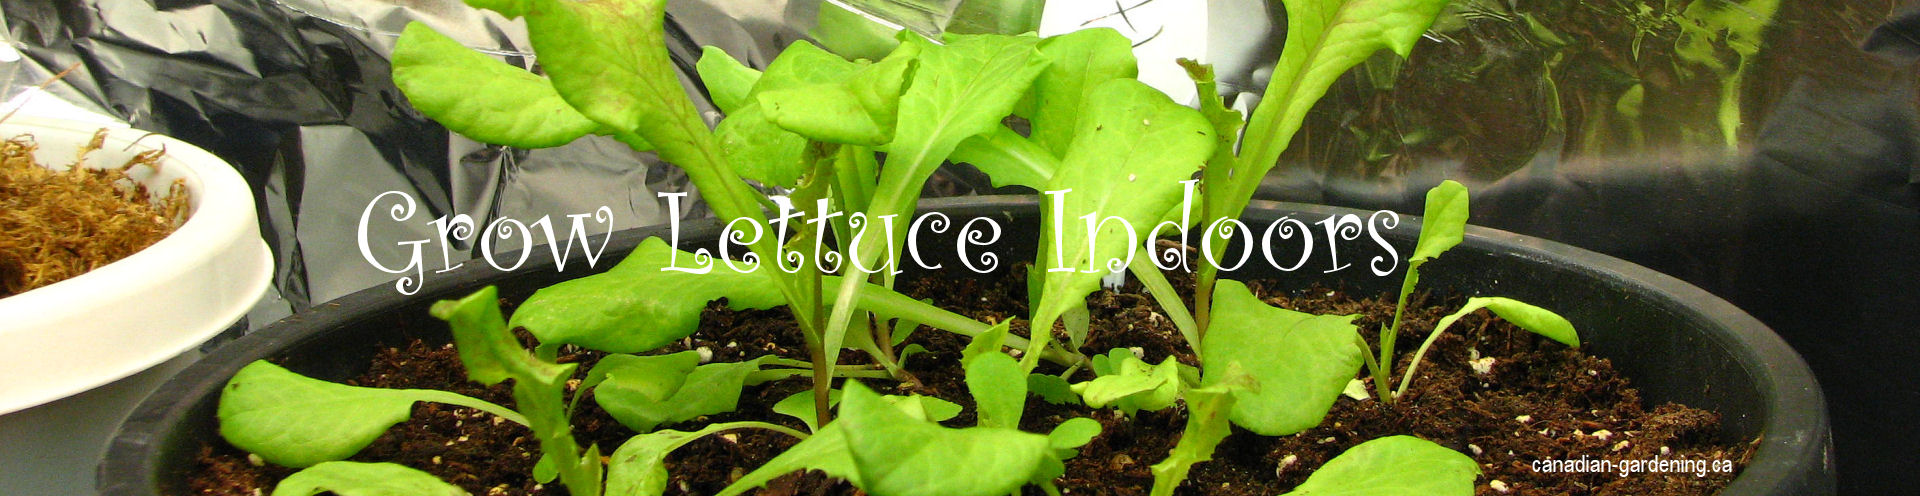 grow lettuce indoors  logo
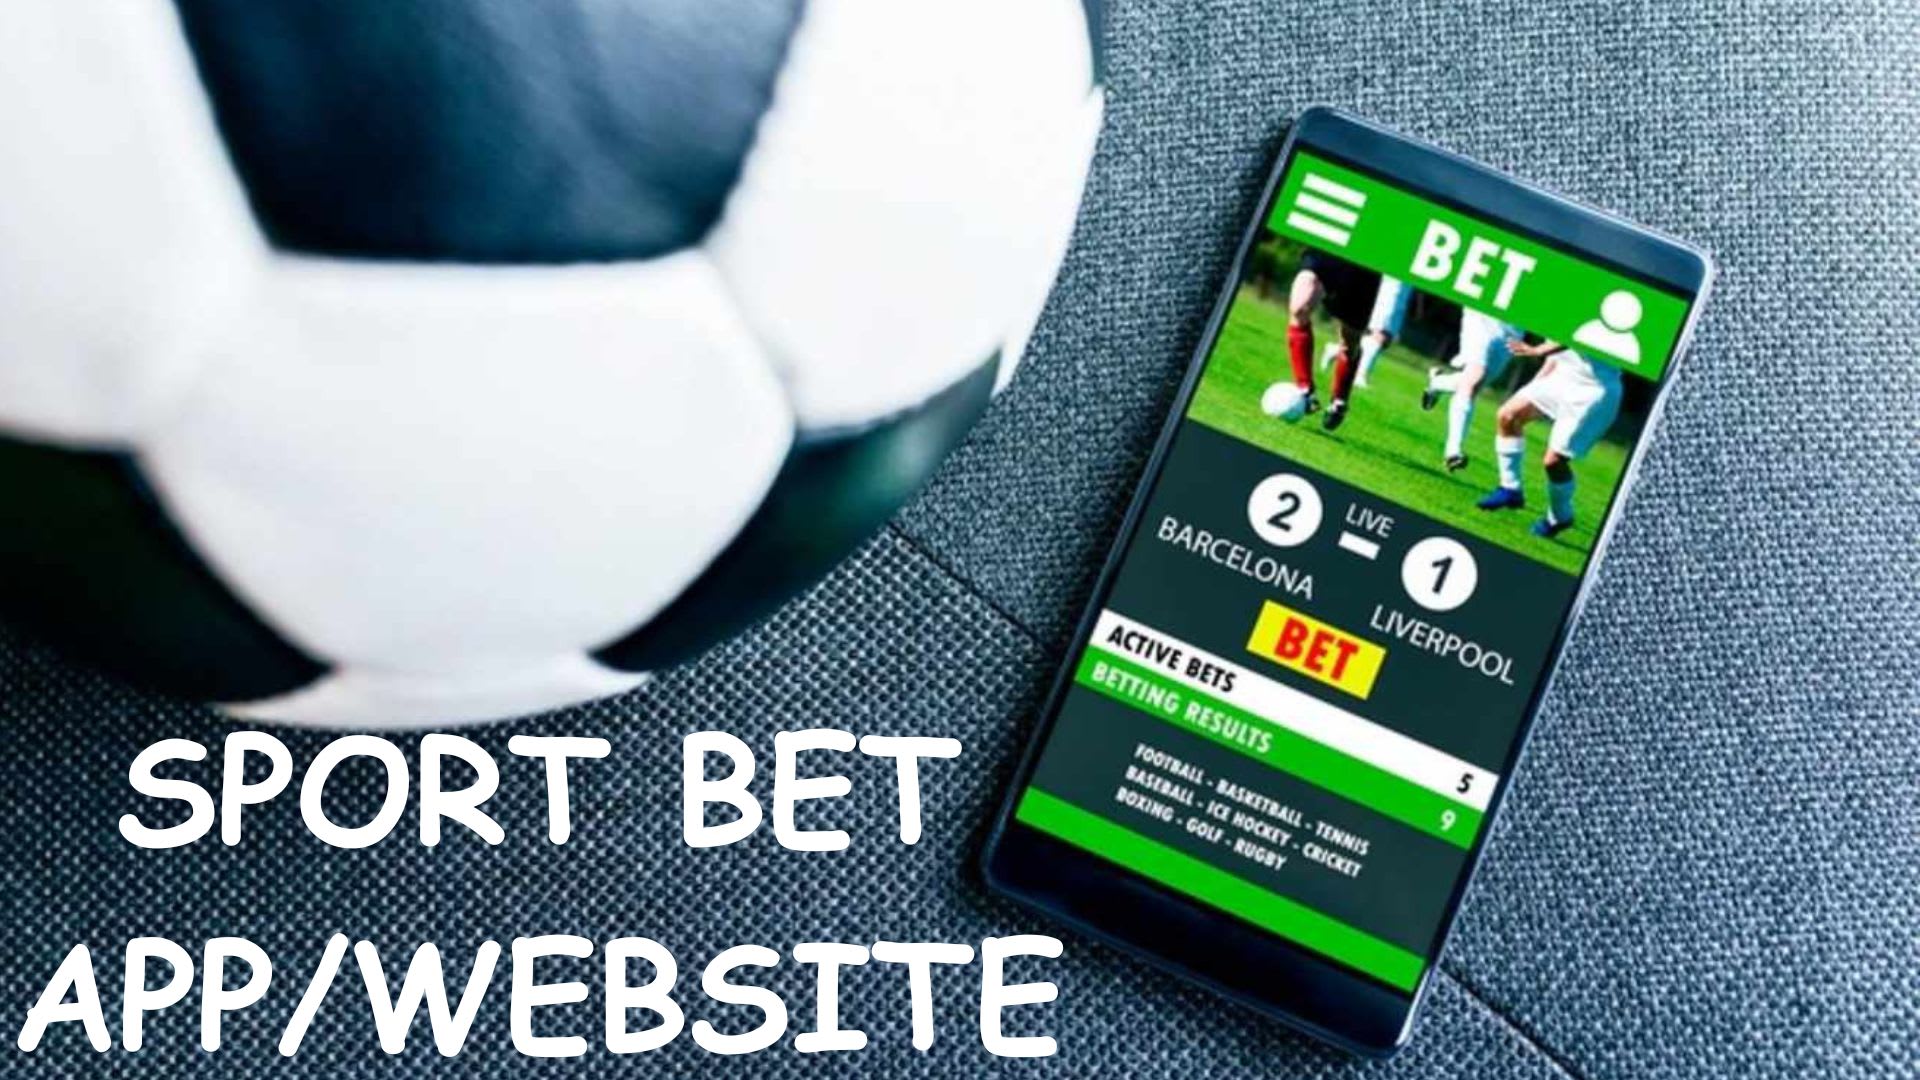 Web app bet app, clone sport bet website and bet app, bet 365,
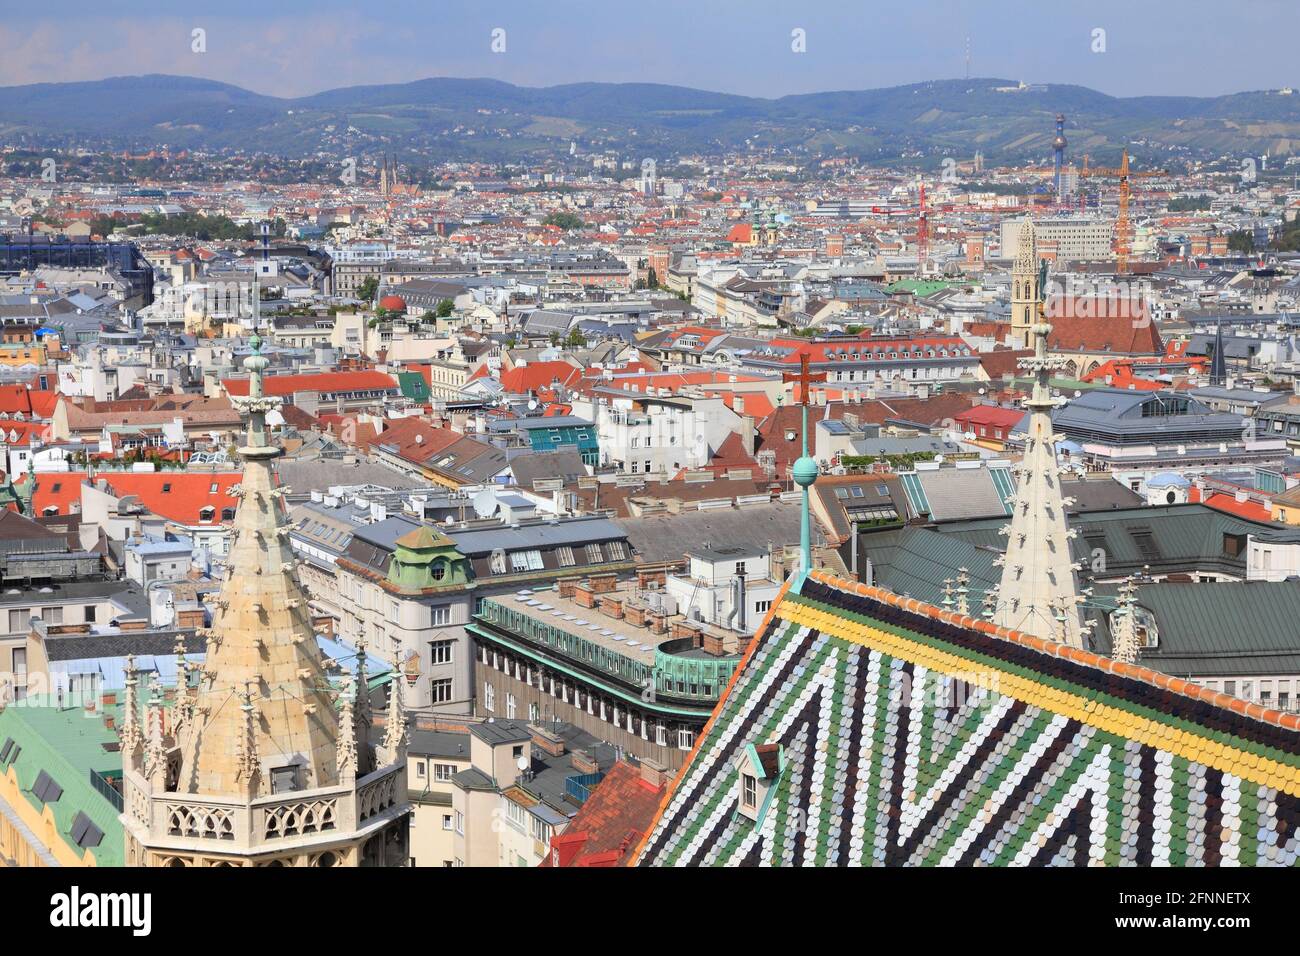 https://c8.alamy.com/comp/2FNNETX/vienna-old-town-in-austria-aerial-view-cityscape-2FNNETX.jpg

DIRECTIONS ▸ Would you return the data above exactly as written, minus the images?

SOLUTION BELOW ▸
 grow lettuce indoors  logo
 Web app bet app, clone sport bet website and bet app, bet 365,
 https://c8.alamy.com/comp/2FNNETX/vienna-old-town-in-austria-aerial-view-cityscape-2FNNETX.jpg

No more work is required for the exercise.